Yeah, i remember some app on SonyEricsson, that was pretty effective, when someone accept your pair invitation, already granted you full access to his telephone. Bluetooth was new type of communication, and everybody was excited to play with. Especially me, everyday in subway, traveling to my work. In 2005-6 i obtain my first Symbian Nokia N70, and quick DSL connection.. that was gamechanger after WinCE and dial-up.. :D That was start of computer's golden era, and beginning of quick evolution. Still in progress, in such astonishing quantity to take breath. From C64 - AMD64, from Dancall - Psion - iPaq to Android, and internet connection everywhere. Kewl!

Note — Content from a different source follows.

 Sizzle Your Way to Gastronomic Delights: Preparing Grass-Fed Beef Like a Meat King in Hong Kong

ok, sorry 4 OT.. Today i spend whole day by reading about Bluetooth vulns, and then practicing examination with bluesnarfer, spooftooph, etc. against my smartphones, tablets, tomtom, laptop, car radio, and neiberhood's tv and some reprostation. No success, but i don't have proper equipment.. :/ http://hakshop.myshopify.com/collections/wireless-gear with regular bt client in mobile devices you can do only regular things. Same in laptop and dongle client in desktop, both Atheros chipset. https://drive.google.com/file/d/0B832qN0OMdvhOXJsVFoyX0htS0E/view?usp=drivesdk
That app was BTinfo but only works on Java mobile .
I think basic enumeration of surrounding bluetooth classic / le devices and services using android api would be a good place to start. I wrote this dodgy test app a while back just to see what device services I could find (yes, I know it's terrible code but you get the basic idea): https://github.com/lionliam96/Bluetooth-Scanner
Also, adding a database of bluetooth macs/service uuids could really help with researching bluetooth vulnerabilities. An implementation of the old obex push trick would be fun as well!

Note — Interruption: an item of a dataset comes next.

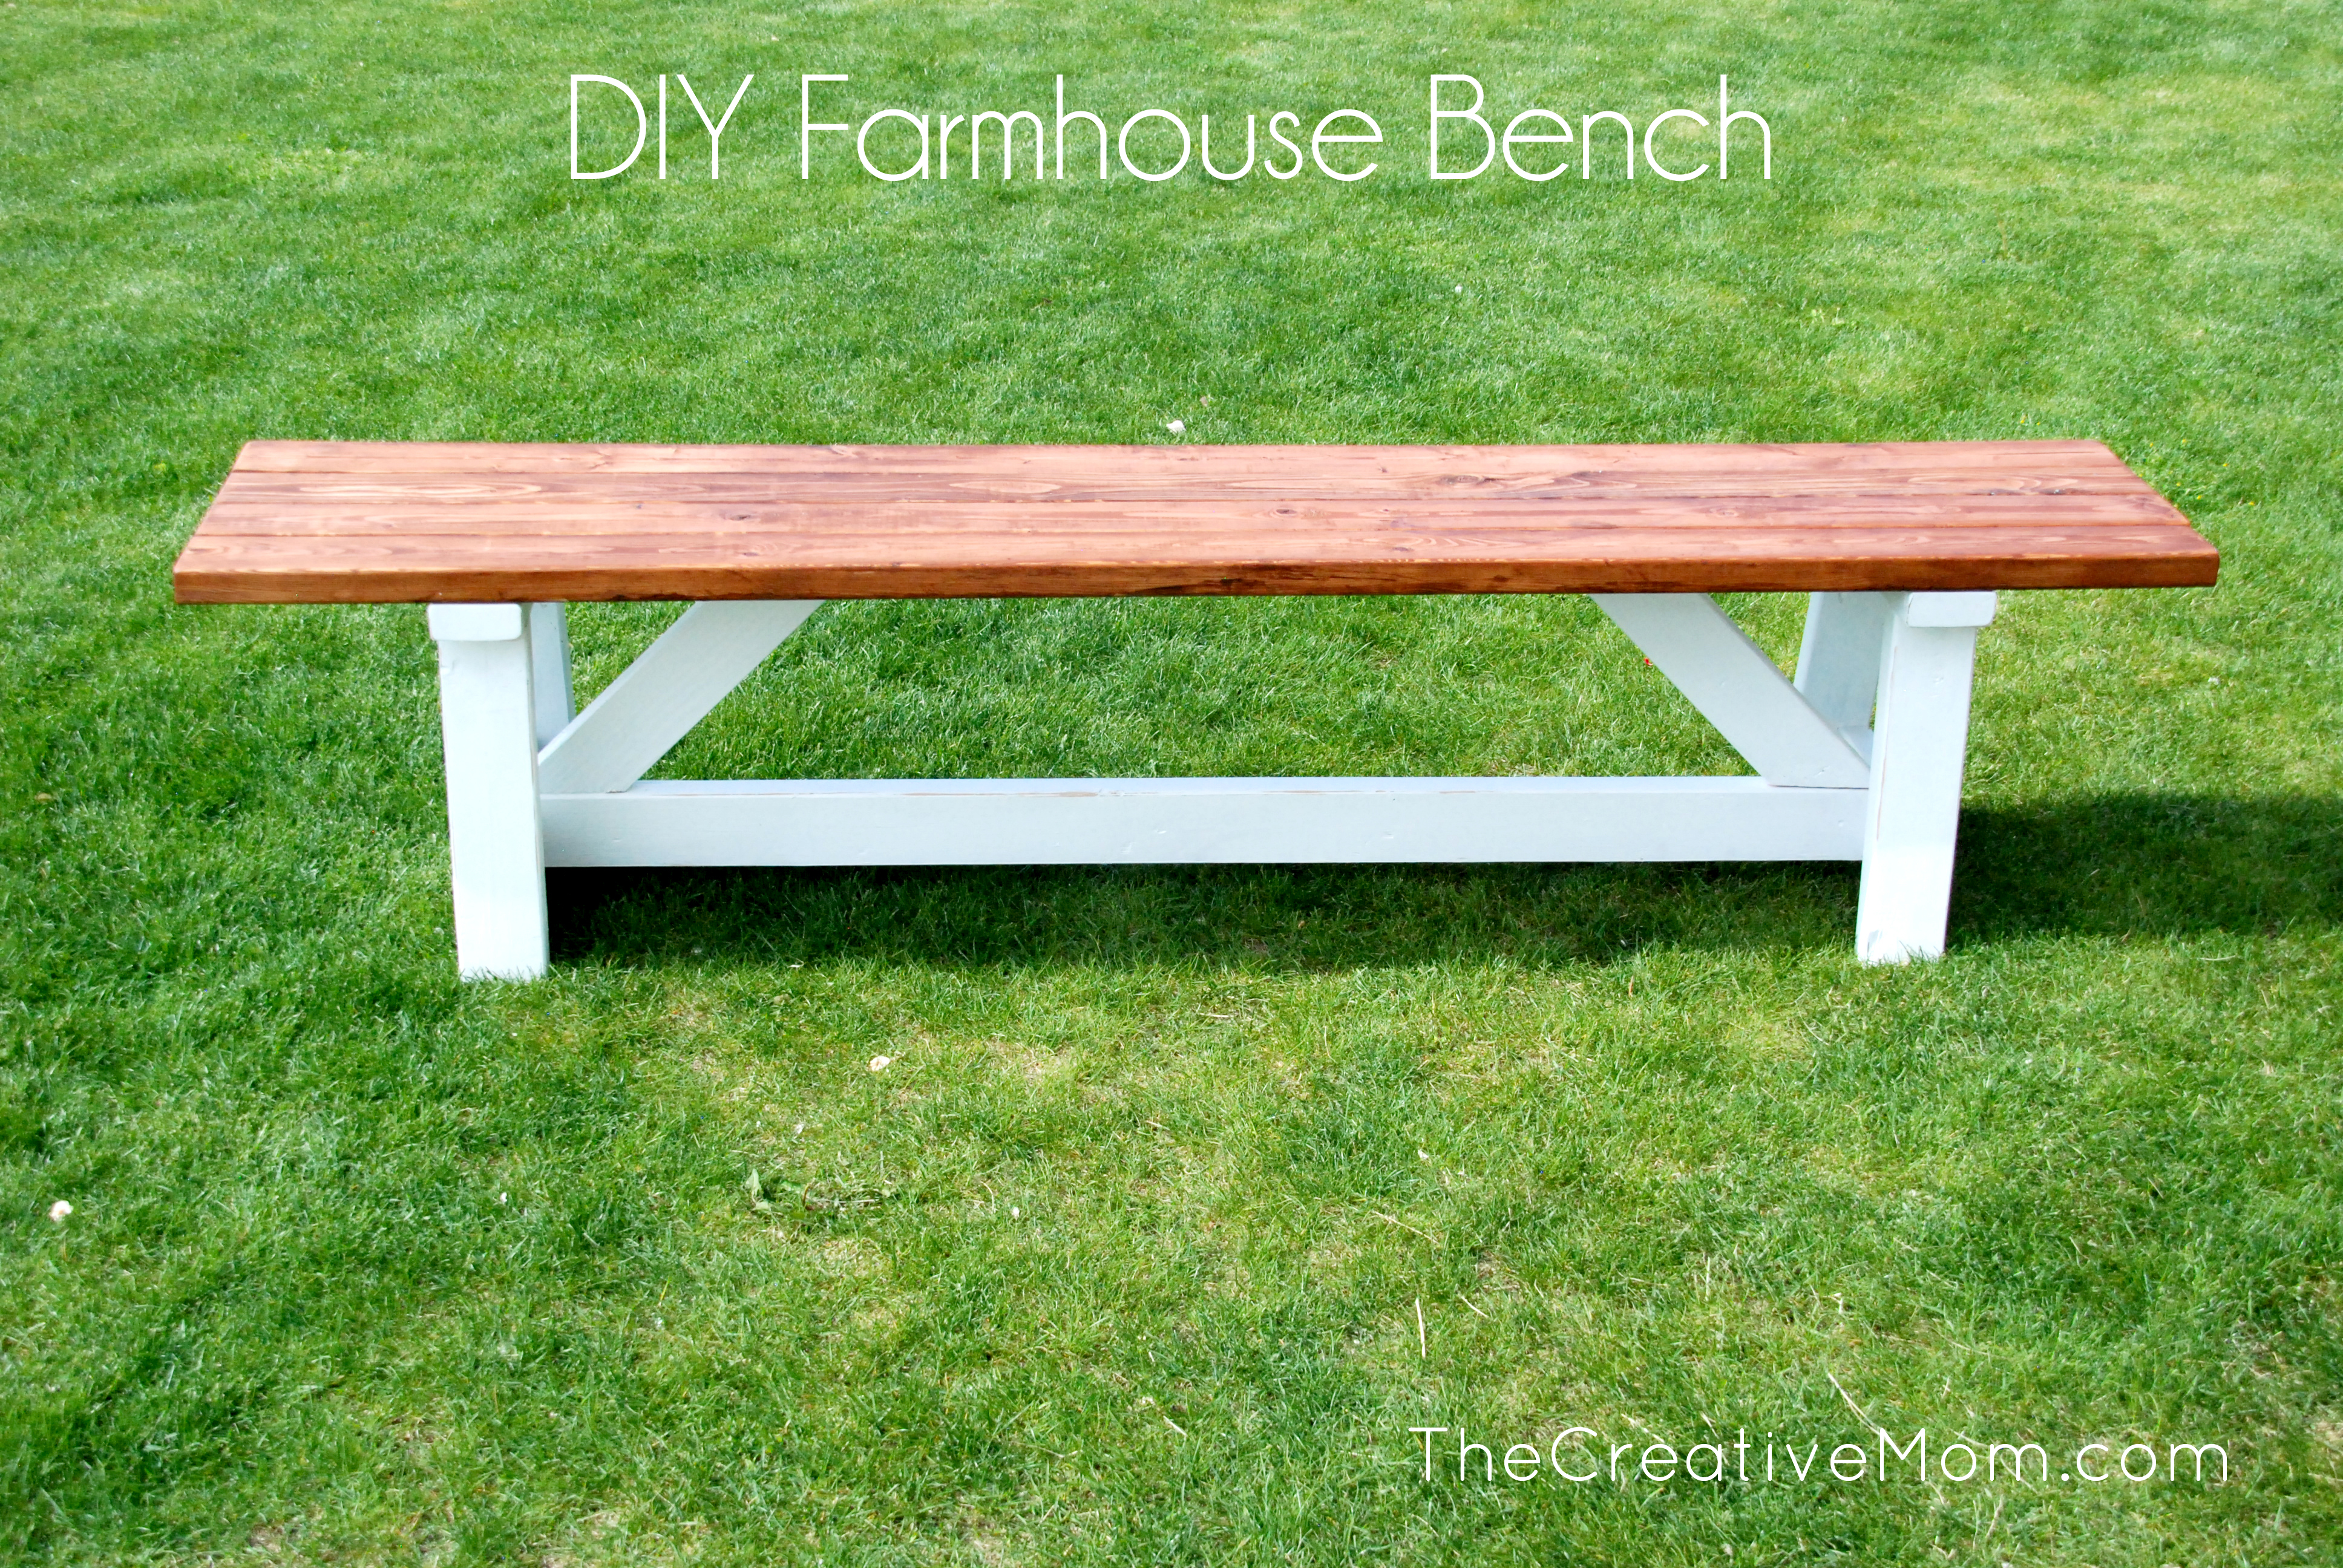 How to build a bench - The Creative Mom

Thanks @lionliam96 :smirk: I am having a look
Hey. So theres security features of Bluetooth. 1.Devices will not communicate unless you have paired the devices. And pairing is possible just if you know the BD_ADDR of other device.
You can brute force the BD_ADDR but that will take some time.
In Linux something like spoofing your victims computer to belive ur bluetooth keyboard are Its keyboards. But thats extremely hard. I remember i had bluetooth hacking software on my Nokia on like year 2004. U were able to see contacts messanges and more. It were possible in bluetooth 1.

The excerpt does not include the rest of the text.